The missing extended weekend of October 6th through the 8th is a massive hole in their case. The drive from Fort Detrick, MD to Princeton New Jersey is about 3 1-2 hours. So far the FBI and the U.S. Government have no “evidence” that they have shown where Dr. Ivins was when the letters were mailed.
So, the FBI has released zero information about the Oct 9th letters (link at signit).
Also, note that there is zero evidence that the 9/18 letters were mailed from Princeton NJ. The spores found in the Princeton box were from the Oct 9th letter, and the 9/18 letters apparently contained a less potent formulation - but since the FBI hasn't released the full forensics reports from the 9/18 New York Post letter and the 10/9 Daschle letter (or the 10/9 Leahy letter), no one can say.
And now it appears that even the targets of the attacks have become schizophrenic; evidenced by this gem of double-speak just published in the NYTimes:
"Former Senate Majority Leader Tom Daschle -- one of the targets of the 2001 anthrax attacks -- said Monday that FBI evidence against Army scientist Bruce Ivins is convincing, but he is not completely persuaded that the investigation focused on the right person." (http://www.nytimes.com/aponline/washington/AP-Anthrax-Investigation.html)
He did report the spill:
Ivins Told Ethics Officer About Anthrax Clean-up
by Eric Umansky - August 5, 2008 6:03 pm EDT
Tags: Anthrax, Bruce Ivins, FBI, Fort Detrick
Credit: Mark Wilson/Getty Images
Credit: Mark Wilson/Getty Images
When the Los Angeles Times first broke the story that the government had been "about to file charges" in the anthrax case, it pointed to a few pieces of apparent evidence against Bruce Ivins.
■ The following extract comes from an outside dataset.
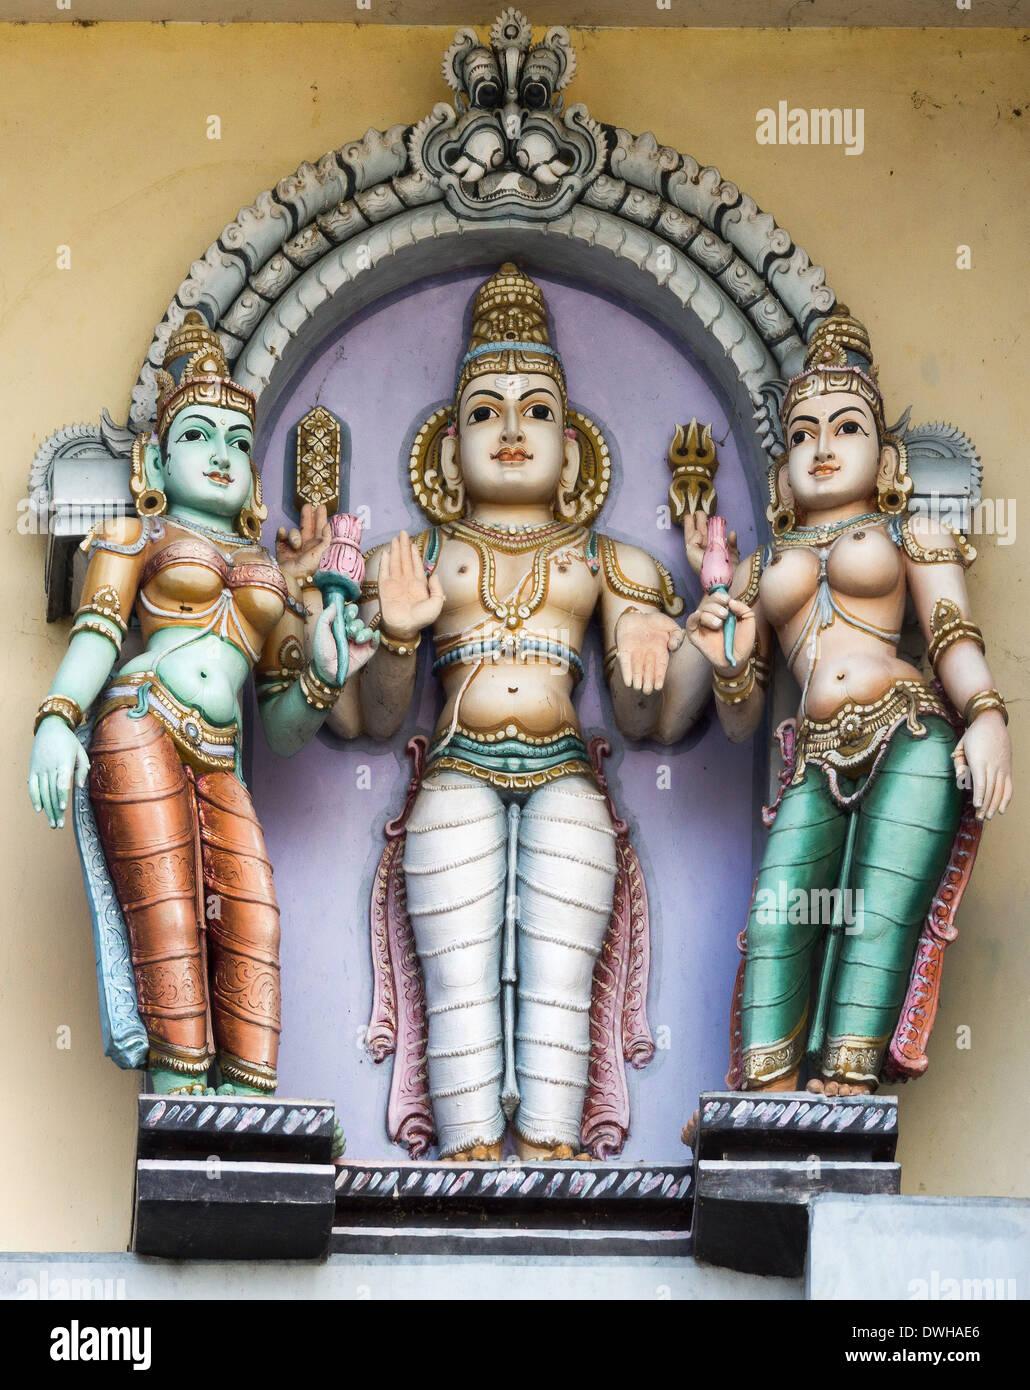 Lord Murugan und seine beiden Frauen, Valli und Deivayanai am Rathinagiri-Hügel-Tempel in Vellore, Tamil Nadu, Indien. Stockbild

Perhaps most damning was this:
Ivins, employed as a civilian at Ft. Detrick, earlier had attracted the attention of Army officials because of anthrax contaminations that Ivins failed to report for five months. In sworn oral and written statements to an Army investigator, Ivins said that he had erred by keeping the episodes secret -- from December 2001 to late April 2002. He said he had swabbed and bleached more than 20 areas that he suspected were contaminated by a sloppy lab technician.
The detail about Ivins' apparent failure to report anthrax contamination was picked up by too many news outlets to count.
But a tidbit buried in today’s Wall Street Journal offers a slightly different take on the episode. Countering the vast expanses of anonymice-filled coverage, the Journal talks to a named source, Col. Arthur Anderson, who it turns out says Ivins quickly told him about the clean-up:
http://www.propublica.org/article/ivins-told-ethics-officer-about-anthrax-clean-up-80
Crust1 asks why the FBI is adamant on saying Ivins acted alone. Why don't they admit if he was involved, he had to have partners? Well it seems to me that the FBI is very eager to close this case. They aren't interested in saying he had accomplices, because then they'd have to continue investigating. As Gerald Posner (investigatve journalist) said on Countdown with Olberman, Ivins had no expertise in making weapons grade anthrax and no way of making it. Ivins couldn't of acted alone (if he was involved at all), and the FBI has to know that. I just can't believe the FBI is as incompetent as they are making themselves out to be in this case. So why are they so desperate to close this case? We need to know the answer to that question. But I fear we will never get it. Anyone know if Congress will investigate?